What was your path to HR and to your current position?
I did it the old-fashioned way—I’ve been in HR my entire career. My career has really been HR functional with regional and division jobs. I came to Blue Cross 15 years ago at the highest HR level because I was able to bring all my experience. In HR, you are fully involved in the pulse of organization. You have to be on top of the employee population: the proper skill levels, motivations, incentives, compensations, benefits. As my career has grown, my job responsibilities have been centered on strategy and the development of key people.

2. What challenges/opportunities are most present for your company
in the current market?

We do have a concern about skills shortages in coming years because of demographic changes. We’ve put a lot of work into identifying what those issues are around a changing workforce. We are beginning to plan how to address them as they manifest. Retirement will increase as the economy picks up, coupled with unhappy employees who want to leave. We’ll see a lot of turnover and movement. It will come to light that the skills needs for jobs that are expanding will not be there. We have to learn how to better retain our staff, develop skills, and have access to better sources of candidates.

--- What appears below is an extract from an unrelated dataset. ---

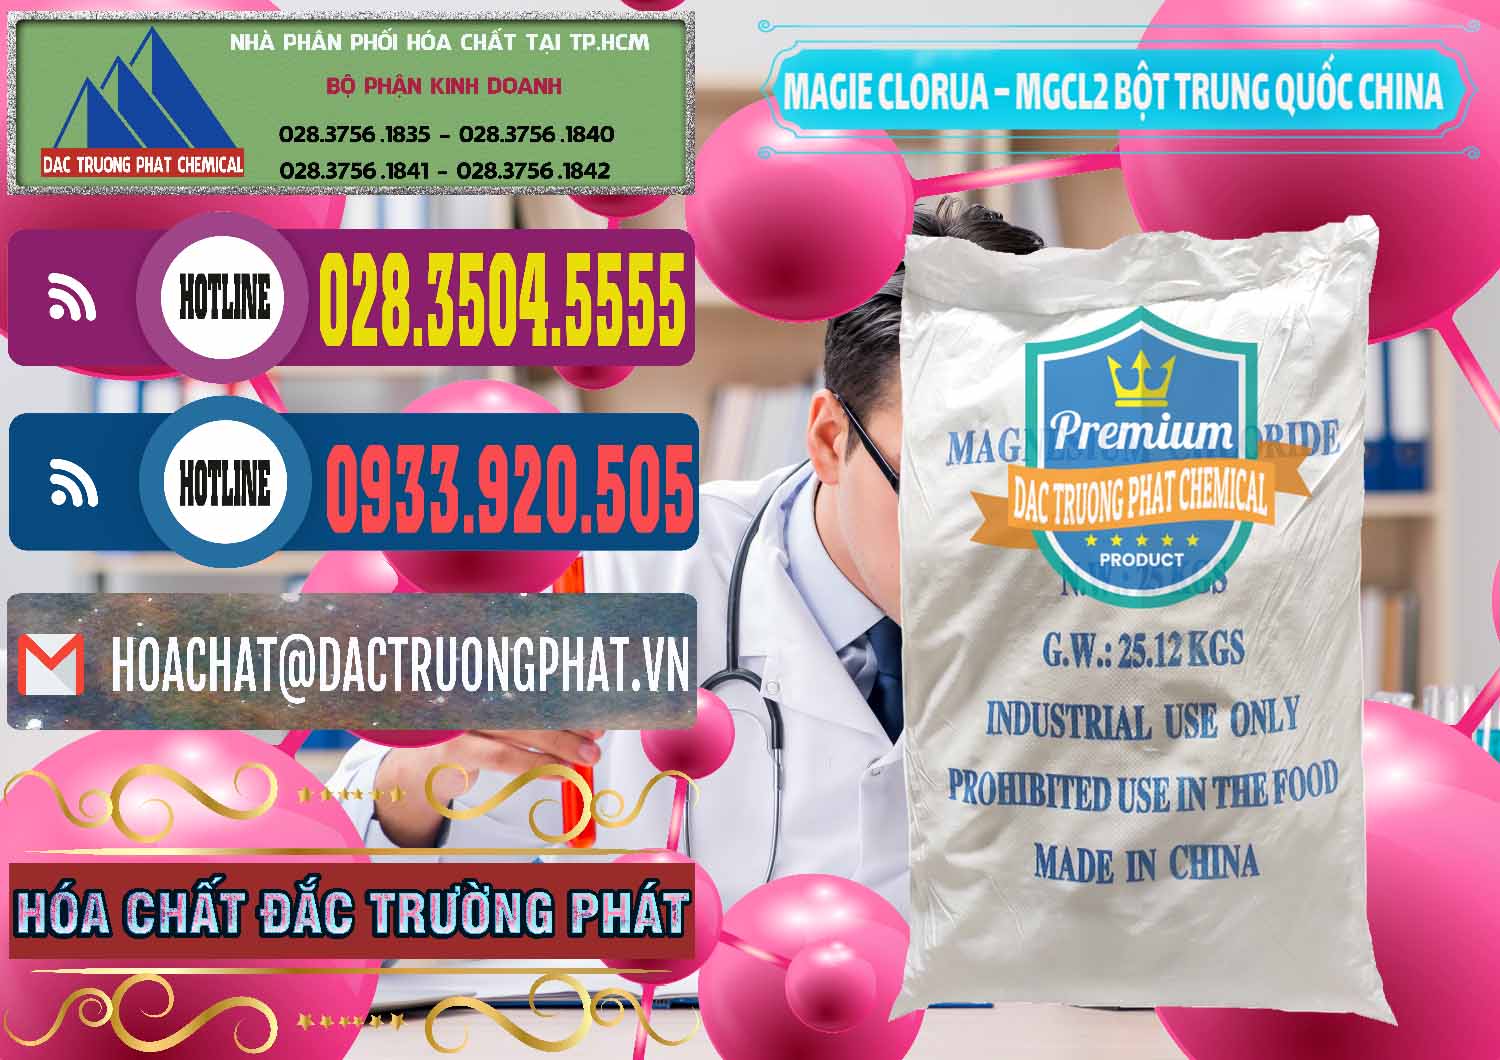 Cty chuyên bán & cung ứng Magie Clorua – MGCL2 96% Dạng Bột Bao Chữ Xanh Trung Quốc China - 0207 - Nơi cung cấp - bán hóa chất tại TP.HCM - muabanhoachat.com.vn

Skills that are in demand are highly skilled technology jobs, jobs that require high-level education, or specialized experience, leadership jobs. We are a mid-career organization—we bring in people who have worked much of their career. This will affect most industries, especially healthcare.
Management needs to be educated in what the issues are. Managers are put through training for changing workforce demographics, how they might manage differently for retention, and the fact that skills will be short, managers will have to identify candidates through recruiting. We are a bit of an older organization (40 percent or so of our staff is 50 and older), and we have a mature employee retention program. We have very skilled, educated, qualified people—we don’t want them running out the door when they retire. We are doing what we can to encourage people to stay. We have a Blue Bring Back system-wide program that we are in midst of implementing now so that any retiree can register with a third-party provider as a “Blue Retiree.” And if someone wants to move from New Jersey to Florida and wants to work, they can register to join the Florida office when an opening is available.
3. What has been your experience, positive and/or negative, with outsourcing? Are you weighing any outsourcing engagements at present?
Overall, my experience has been good. I think there is a real role for outsourcing for better quality work, cost efficiency, and high impact on staffing. People can be afraid of outsourcing, because they lose control or the services aren’t provided how they would deliver them. The answer to that is the devil is in the details. You need to establish the process, philosophy, and service-level agreements right upfront. If you do that correctly, you can sleep at night. If you work with a vendor thoroughly, you will get what you want, and it can be a good thing.
4. What are your goals for 2012 and beyond?
We are going to be taking a good look at the HR function. We have a forward-looking HR function, but need to make sure our compensation program is attracting and retaining the right talent. In that overview we’ll be looking for things to outsource—anything that makes sense.